According to another advantageous feature of the present invention, the tube is pushed through the swaging device in axial direction with a forward movement, wherein the speed of the forward feed is adjustable. The forward feed is in particular carried out pulsed however it can also be set within the framework of the invention as constant forward feed speed or as a continuous forward feed with adjustable speed can be set so that a respective outer diameter to be produced and a corresponding wall thickness results in the tube to be worked on.
According to another advantageous feature of the present invention, at least the section that is to be swaged before can be heated prior to the swaging process, wherein the heating is carried out in particular by an induction coil arranged upstream of the swaging device.
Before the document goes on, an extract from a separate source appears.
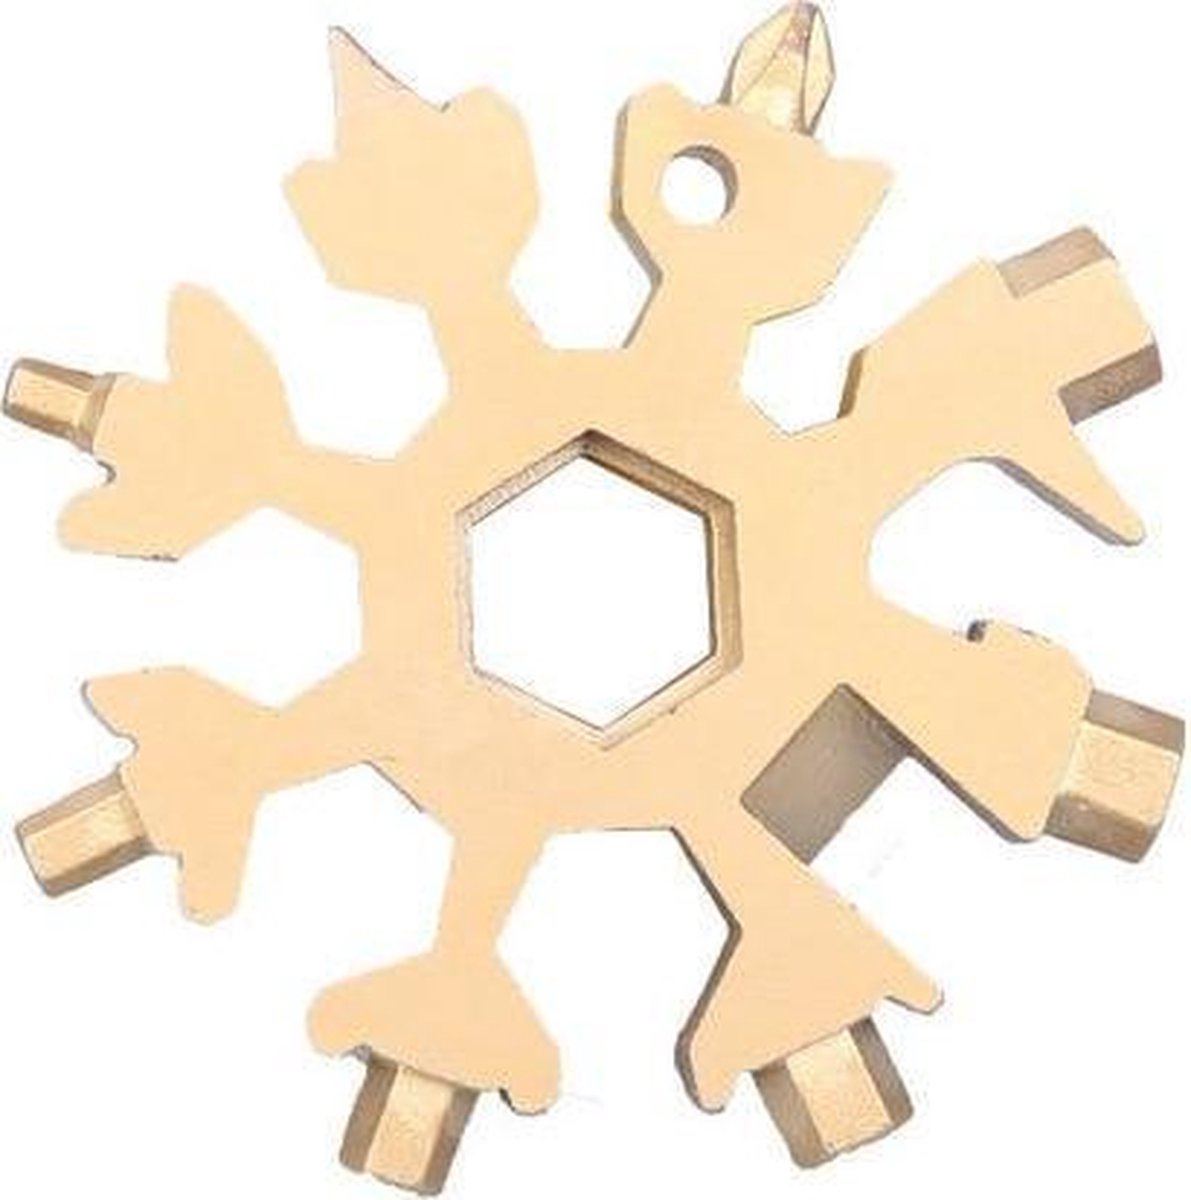 Snowflake Multitool - Goud - RVS - Sneeuwvlok Multitool - Cadeau - Sleutelhanger - Gereedschap - 18-in-1 multi-tool - Ringsleutel

The upstream located heating in particular enables providing a particularly homogenous structure within the component so that the workpiece is not weakening as a result of the heat treatment or the forming in the hot condition at local high deformation degrees.
According to another advantageous feature of the present invention, the swaging tool itself can be heated, wherein then a conductive heat conduction occurs at contact with the work piece. It is further possible within the scope of the invention to position a quenching sprinkler immediately downstream of the swaging device, which quenching sprinkler effects a hardening or alternatively to arrange a heating device downstream of the swaging tool so that an at least partial tempering occurs after the forming.
According to another advantageous feature of the present invention, the end section of the tube can be placed into the swaging device and passed through the swaging device and retained in its original state or starting condition, wherein the actual swaging process, i.e. the forming of the tube only occurs in a middle longitudinal section of the tube, i.e. after passing of the end section through the swaging device. In contrast to a widening known from the state of the art, this allows working on longitudinal sections, which are not accessible during classical widening by mechanical forming. From the state of the art it is known at best to use high pressure forming processes, which however is only possible with significant production costs and limited degrees of freedom.
According to another advantageous feature of the present invention, the swaged tubular stabilizer can be further formed relative to its center longitudinal axis after finishing of at least a first swaging forming. Within the context of the invention, this means a three dimensional forming, for example a bending or bending around of at least the end regions, but also a multiple three dimensional bending of the tubular stabilizer which is pre processed by the swaging.
According to another advantageous feature of the present invention, a mandrel can be introduced into the tube during the forming process, wherein the mandrel in particular has an outer profile, which is embossed into the tube inner sheath surface during the swaging process. It is in particular possible to form an inner toothing with this inside the tubular stabilizer to be produced, preferably of the tubular stabilizer half to be produced.
According to another advantageous feature of the present invention, the swaging step can include forming at least a section of the tube from a round starting geometry to an elliptic, polygonal and rectangular cross sectional geometry. This is to be selected in dependence on the loads to be expected and on the subsequently available mounting space for mounting the tubular stabilizer.
According to another advantageous feature of the present invention, the tube can be worked work on by introducing a mandrel into the tube and a counter holding mandrel so that the wall thickness is reduced by the swaging process at least in sections in longitudinal direction of the tube.
The previously mentioned steps and embodiments of the method according to the invention can be combined with each other at in any combination within the scope of the invention with the respectively associated advantages.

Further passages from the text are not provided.